# IRD 9 speed thumbshifters



## milehi (Nov 2, 1997)

I'm not sure if these have been posted yet. They look pretty clean.

http://www.interlocracing.com/shifters.html


----------



## blizzardpapa (Jan 19, 2004)

I am so getting a set of these bad boys.


----------



## jeff (Jan 13, 2004)

Clean but no friction mode on the rear and costly. I want some too.


----------



## colker1 (Jan 6, 2004)

150 dollars? no thanks. I can get a set of ultegra and paul thumbies for 90 dollars.


----------



## neo_pop_71 (Apr 11, 2008)

*Nice but OUCH!*

When I checked the link I was all over them but then that prohibitive price... I'm with colker1, some PAUL Thumbies with a shifter will do nicely and save a chunk of change.


----------



## uphiller (Jan 13, 2004)

Yeah, they don't even look that different from Paul's. Wonder if they have micro-click up front like XC-Pro's did, that was the thing that set them apart and gave them such light, smooth shifting.


----------



## outside! (Mar 15, 2006)

As someone who runs Paul Thumbies and Dura Ace bar end shifters, I am not impressed. The IRD shifters don't look to offer any advantages over the Paul/bar end setup, solve none of the disadvantages and have no friction option. Why exactly would anyone pay more for these? Maybe someone from IRD could point out any errors in my analysis?


----------



## yo-Nate-y (Mar 5, 2009)

And they are kinda ugly to boot!

All black would have looked nicer and better fit the XC Pro moniker.


----------



## IF52 (Jan 10, 2004)

So, new Ultegra combined with Paul thumbies would be around $130.00 or so?


----------



## misterdangerpants (Oct 10, 2007)

The one thing I like about the IRD version that differs than Paul Components is the hinge. :thumbsup:


----------



## DeeEight (Jan 13, 2004)

Well then they should just sell the clamps, I like the hinge since i wouldn't have to wait for glued grips to work loose on their own to be able to move my paul's mounts from one bar to another.


----------



## yo-Nate-y (Mar 5, 2009)

Phew!

"_Stage 1 Shifter Perch

This the clamp on portion of our thumbshifter. It happens to be compatible with old bar con shifters.

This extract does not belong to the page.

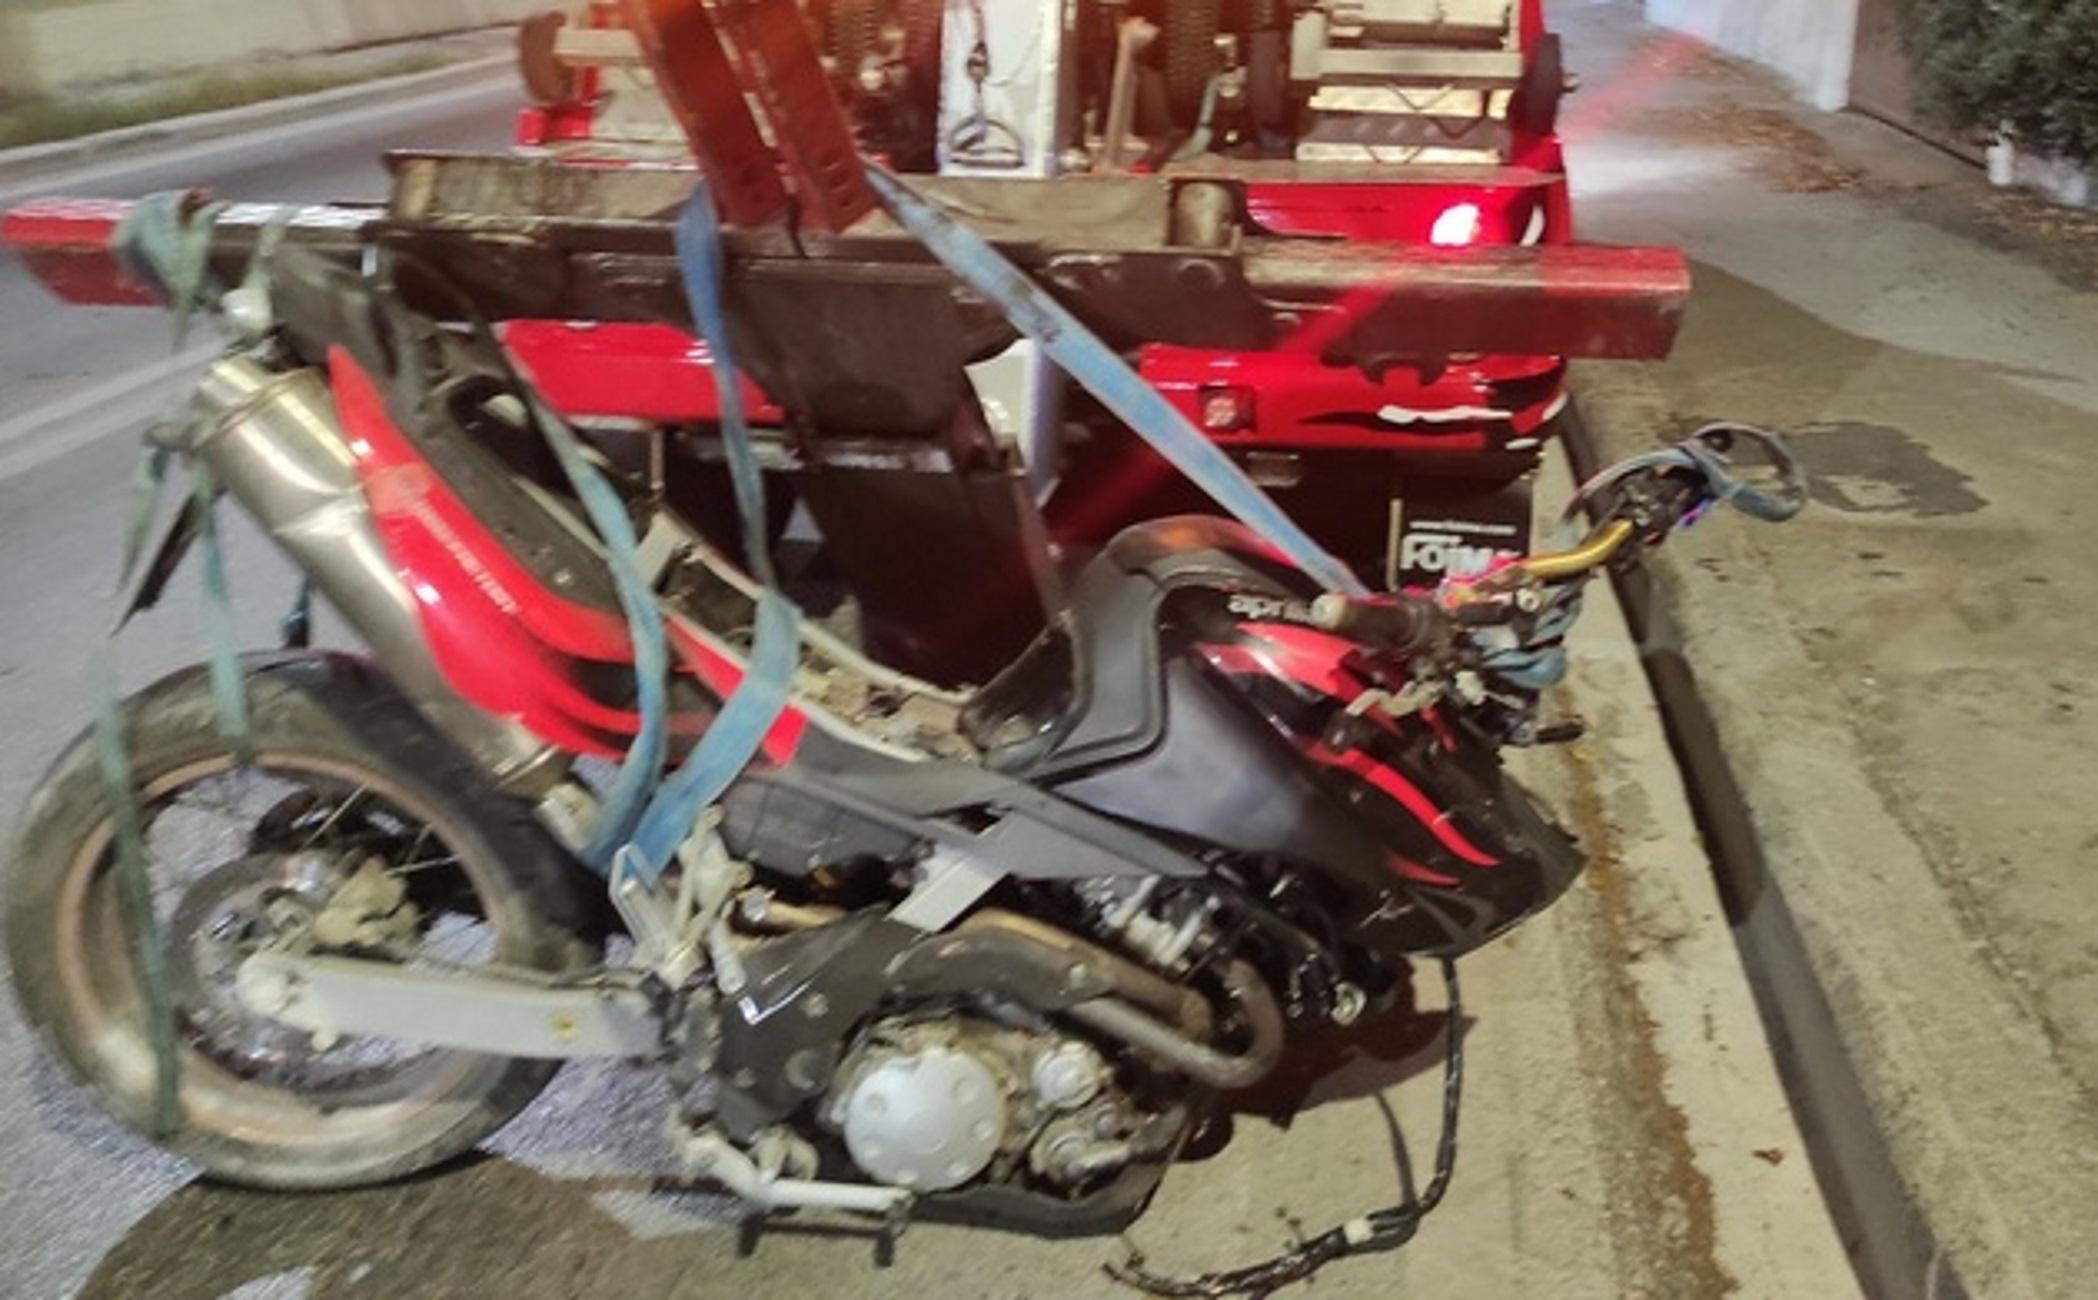 Ρόδος: Σκοτώθηκε στο σχόλασμα υπάλληλος ξενοδοχείου – Διαλύθηκε το μηχανάκι του, στο φοβερό τροχαίο
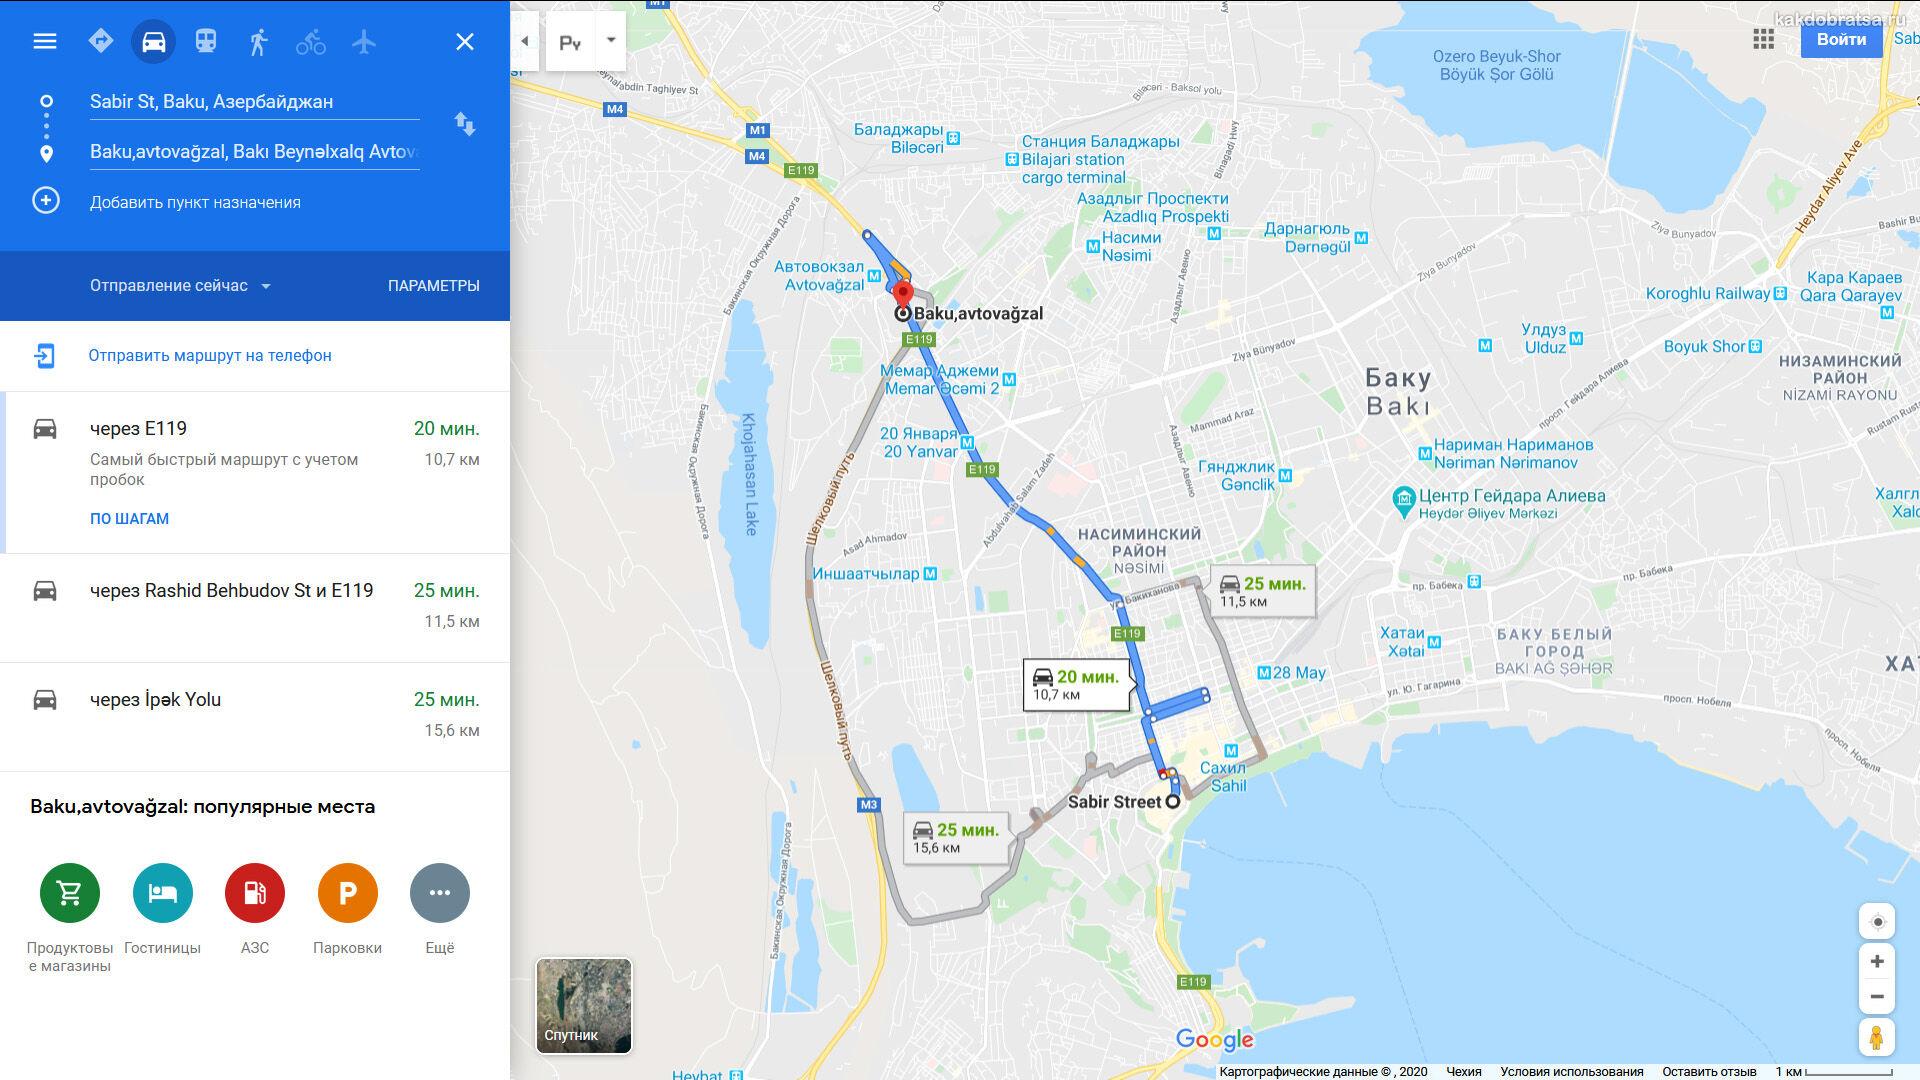 Автовокзал Баку на карте и расстояние до центра

- Hinged aluminum clamp for easy installation
- Shims allow use on road or MTB bars_"


----------



## 1 cog frog (Dec 21, 2004)

*Just clamps*

The clamps are listed seperately in their store for $50 (Pauls are $67)

http://store.interlocracing.com/irdshpe.html

Looks like they may only work with Shimano bar end shifters. Paul has 3 different clamps, 1 each for shimano, Campy, or Sram shifters.

frog


----------



## Plum (Sep 14, 2004)

misterdangerpants said:


> The one thing I like about the IRD version that differs than Paul Components is the hinge. :thumbsup:


You can get hinged ones from Jeff Jones right now, just email them directly. Cost is $60, I have a set on my tandem. Fit shimano shifters, I'm running 7700 DA bar end shifters..

Plum


----------



## outside! (Mar 15, 2006)

DeeEight said:


> Well then they should just sell the clamps, I like the hinge since i wouldn't have to wait for glued grips to work loose on their own to be able to move my paul's mounts from one bar to another.


Don't you just use Final Net hairspray as both a solvent and a glue like the rest of us retro-grouches? I will admit the hinge makes installation and removal easier, but that is an infrequent issue for many people.

My complaints about the IRD and the Pauls:
1. Barrel is too small in diameter which requires too much rotation to pull the required amount of cable
2. The mount is a simple 2 1/2 D part. The axis of rotation of the shifter is perpendular to the axis of the bar. This axis needs to be angled like the XT thumbies.


----------



## IF52 (Jan 10, 2004)

Final Net? I just slide grips on with spit. Or air.


----------



## colker1 (Jan 6, 2004)

outside! said:


> Don't you just use Final Net hairspray as both a solvent and a glue like the rest of us retro-grouches? I will admit the hinge makes installation and removal easier, but that is an infrequent issue for many people.
> 
> My complaints about the IRD and the Pauls:
> 1. Barrel is too small in diameter which requires too much rotation to pull the required amount of cable
> 2. The mount is a simple 2 1/2 D part. The axis of rotation of the shifter is perpendular to the axis of the bar. This axis needs to be angled like the XT thumbies.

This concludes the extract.